# Goal of the exercise
Copy each line of the records below, from the first through the one that contains "Tech on Tap Logo.", exactly as written.

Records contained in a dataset

------------------------------------------------

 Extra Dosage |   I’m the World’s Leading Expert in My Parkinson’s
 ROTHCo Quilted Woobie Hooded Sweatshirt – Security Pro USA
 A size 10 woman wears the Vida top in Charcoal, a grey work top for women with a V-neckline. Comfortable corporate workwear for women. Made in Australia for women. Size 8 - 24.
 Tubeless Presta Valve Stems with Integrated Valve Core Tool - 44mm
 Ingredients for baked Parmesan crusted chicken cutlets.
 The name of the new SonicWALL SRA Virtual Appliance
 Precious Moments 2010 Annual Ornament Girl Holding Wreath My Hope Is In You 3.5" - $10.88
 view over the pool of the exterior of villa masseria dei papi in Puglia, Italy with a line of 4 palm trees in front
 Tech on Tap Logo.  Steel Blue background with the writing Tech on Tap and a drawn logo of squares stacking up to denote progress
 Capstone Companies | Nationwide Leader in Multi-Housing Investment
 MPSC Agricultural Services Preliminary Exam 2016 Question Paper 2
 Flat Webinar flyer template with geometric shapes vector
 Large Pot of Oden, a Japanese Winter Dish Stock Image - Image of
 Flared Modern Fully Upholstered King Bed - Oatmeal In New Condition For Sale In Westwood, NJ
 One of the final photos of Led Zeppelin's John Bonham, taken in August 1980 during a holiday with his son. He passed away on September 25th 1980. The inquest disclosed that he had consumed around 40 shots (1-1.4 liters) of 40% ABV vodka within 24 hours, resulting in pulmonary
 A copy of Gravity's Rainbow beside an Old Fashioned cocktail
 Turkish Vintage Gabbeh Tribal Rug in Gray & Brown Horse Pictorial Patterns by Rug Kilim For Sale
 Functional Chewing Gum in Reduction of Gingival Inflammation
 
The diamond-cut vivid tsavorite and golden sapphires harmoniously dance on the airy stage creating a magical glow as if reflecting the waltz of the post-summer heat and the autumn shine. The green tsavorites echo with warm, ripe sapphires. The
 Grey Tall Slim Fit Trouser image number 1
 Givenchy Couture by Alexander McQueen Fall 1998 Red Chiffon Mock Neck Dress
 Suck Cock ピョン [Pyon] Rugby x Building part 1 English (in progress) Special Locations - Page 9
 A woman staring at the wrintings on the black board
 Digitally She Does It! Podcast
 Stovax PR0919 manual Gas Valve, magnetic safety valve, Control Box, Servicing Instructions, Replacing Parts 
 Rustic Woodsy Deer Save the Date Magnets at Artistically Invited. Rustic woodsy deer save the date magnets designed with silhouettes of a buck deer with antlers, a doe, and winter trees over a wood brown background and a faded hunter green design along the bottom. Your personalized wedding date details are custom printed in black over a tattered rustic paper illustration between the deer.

------------------------------------------------

# Output for this task
 Extra Dosage |   I’m the World’s Leading Expert in My Parkinson’s
 ROTHCo Quilted Woobie Hooded Sweatshirt – Security Pro USA
 A size 10 woman wears the Vida top in Charcoal, a grey work top for women with a V-neckline. Comfortable corporate workwear for women. Made in Australia for women. Size 8 - 24.
 Tubeless Presta Valve Stems with Integrated Valve Core Tool - 44mm
 Ingredients for baked Parmesan crusted chicken cutlets.
 The name of the new SonicWALL SRA Virtual Appliance
 Precious Moments 2010 Annual Ornament Girl Holding Wreath My Hope Is In You 3.5" - $10.88
 view over the pool of the exterior of villa masseria dei papi in Puglia, Italy with a line of 4 palm trees in front
 Tech on Tap Logo.  Steel Blue background with the writing Tech on Tap and a drawn logo of squares stacking up to denote progress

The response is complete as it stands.